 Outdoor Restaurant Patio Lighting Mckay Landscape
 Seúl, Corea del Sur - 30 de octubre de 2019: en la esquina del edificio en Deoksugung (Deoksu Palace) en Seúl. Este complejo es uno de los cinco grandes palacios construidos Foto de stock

--

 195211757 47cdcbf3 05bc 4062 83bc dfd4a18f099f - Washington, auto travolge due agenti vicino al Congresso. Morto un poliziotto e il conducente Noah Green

...

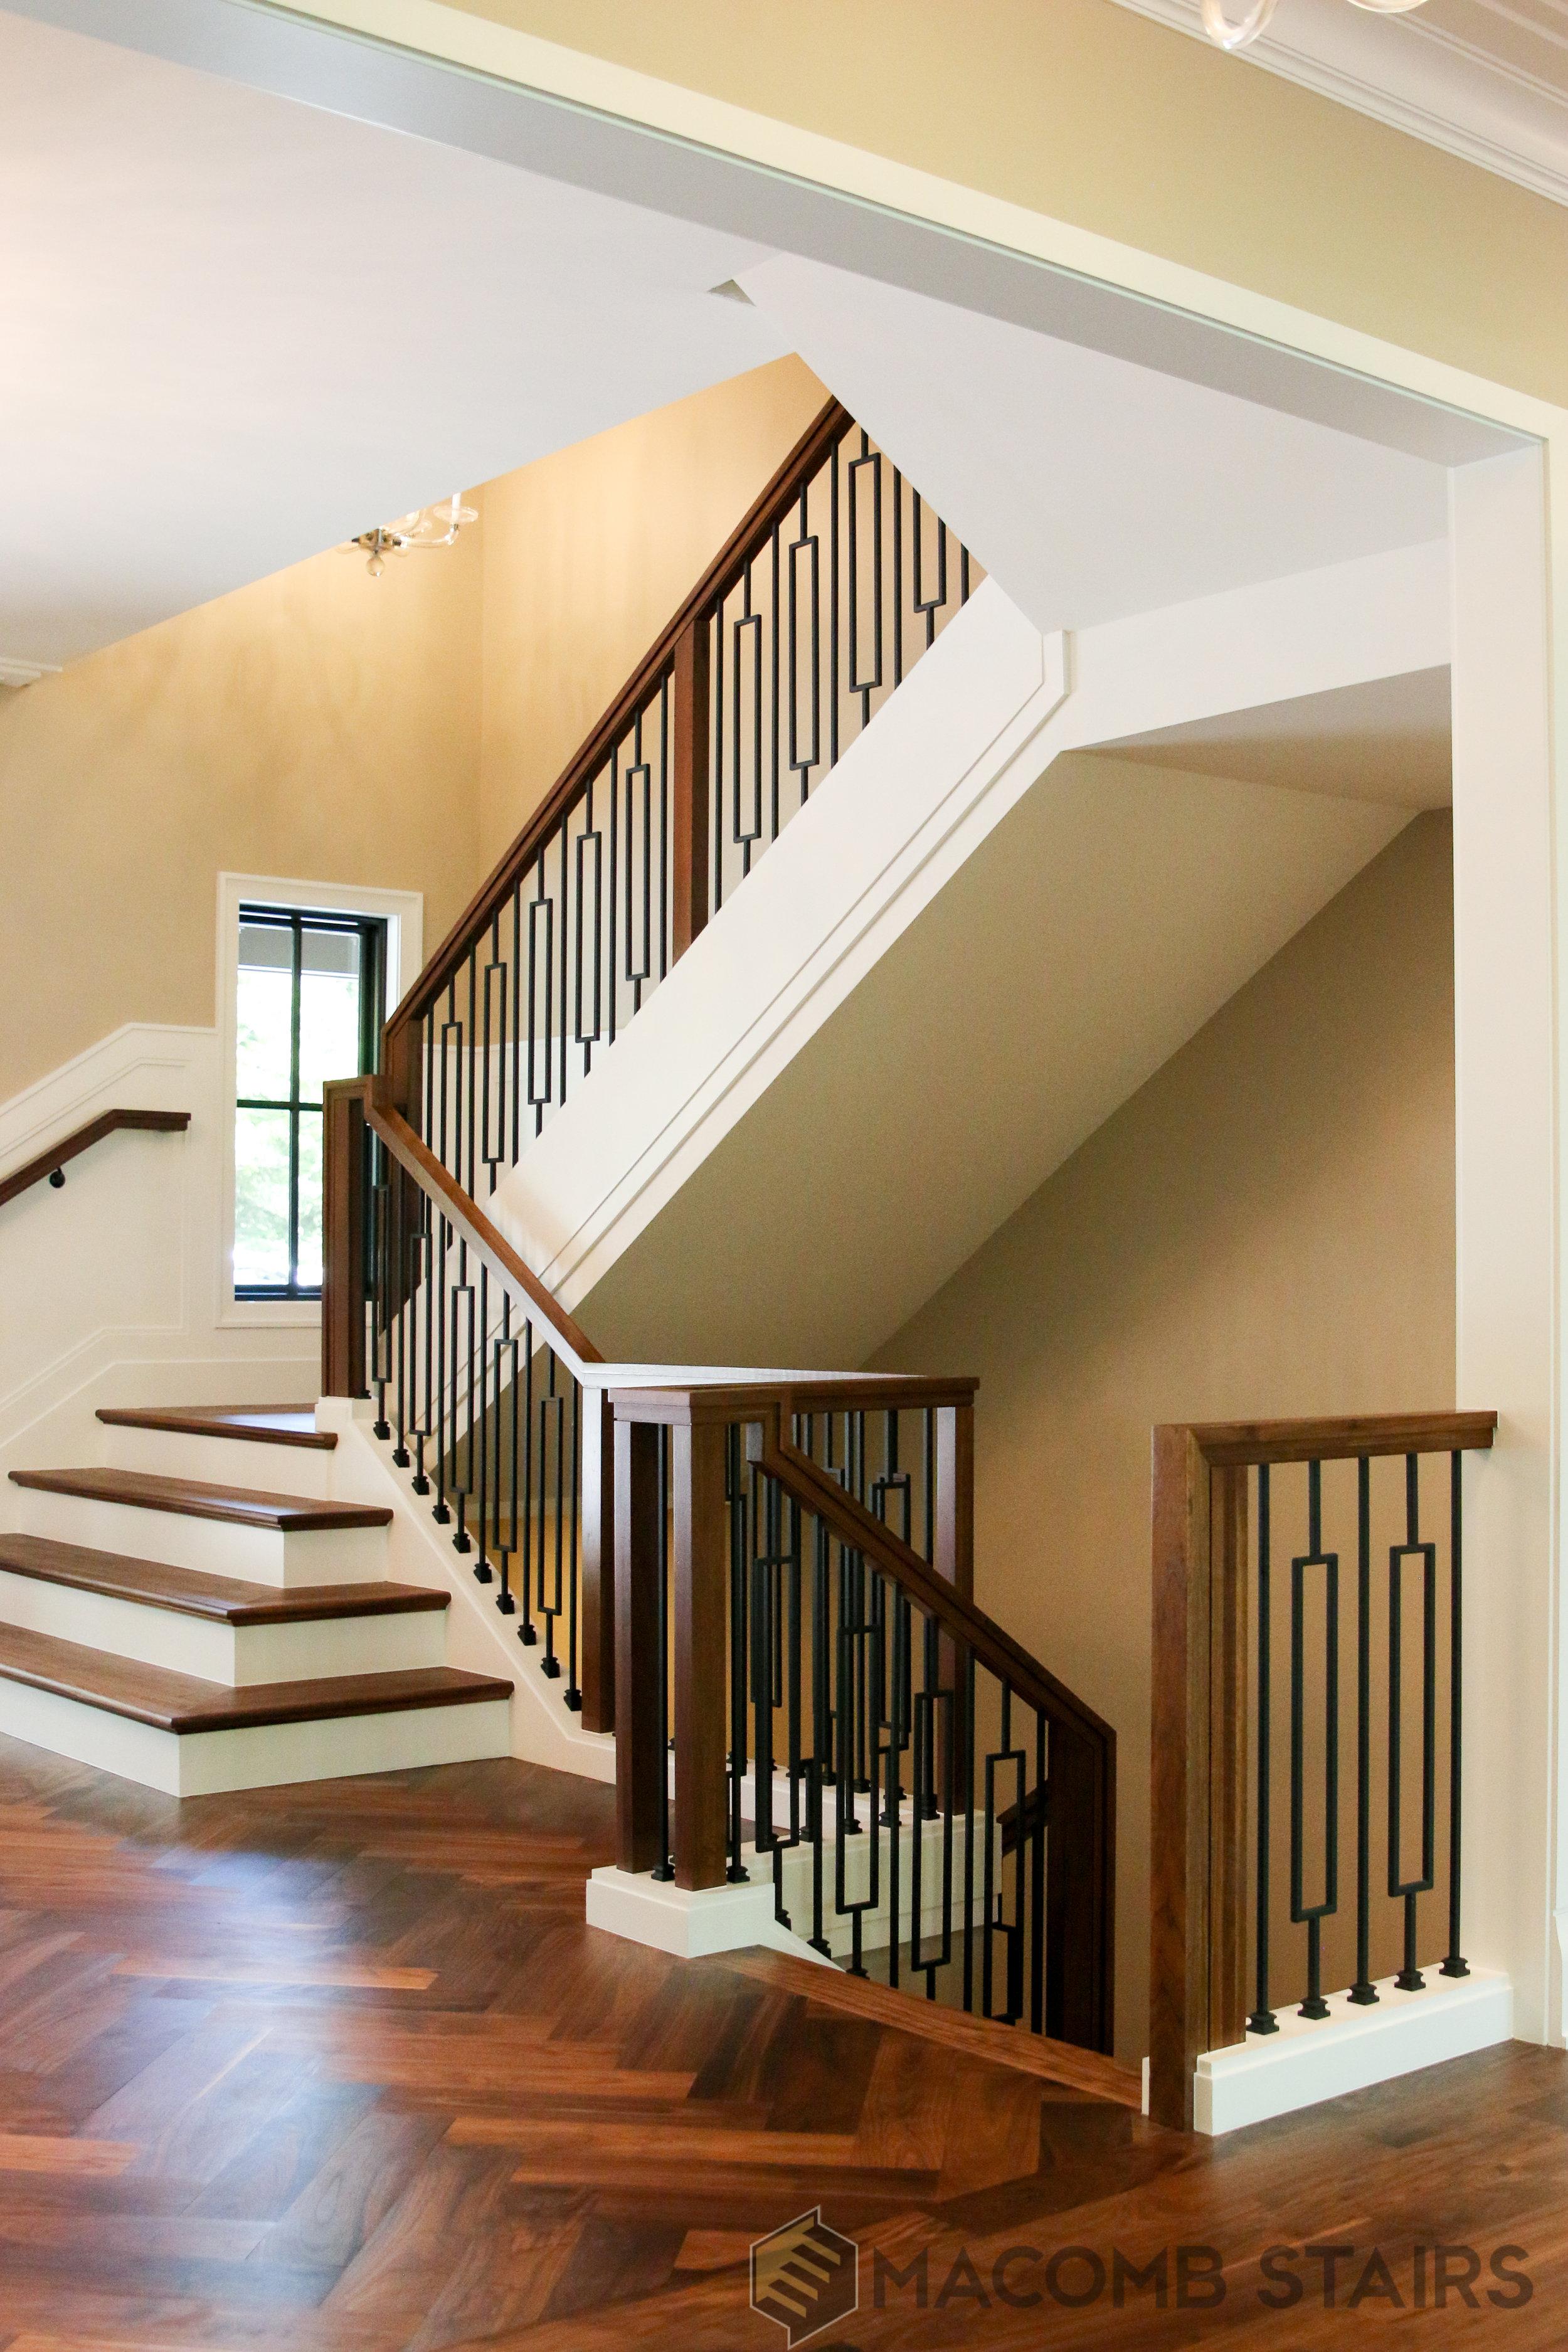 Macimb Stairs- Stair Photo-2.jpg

_BRIEF_. Copy the entries above exactly, but only from the line holding "Outdoor Restaurant Patio" through the line holding "Seúl, Corea del", both included.

_EXERCISE SOLUTION_.
 Outdoor Restaurant Patio Lighting Mckay Landscape
 Seúl, Corea del Sur - 30 de octubre de 2019: en la esquina del edificio en Deoksugung (Deoksu Palace) en Seúl. Este complejo es uno de los cinco grandes palacios construidos Foto de stock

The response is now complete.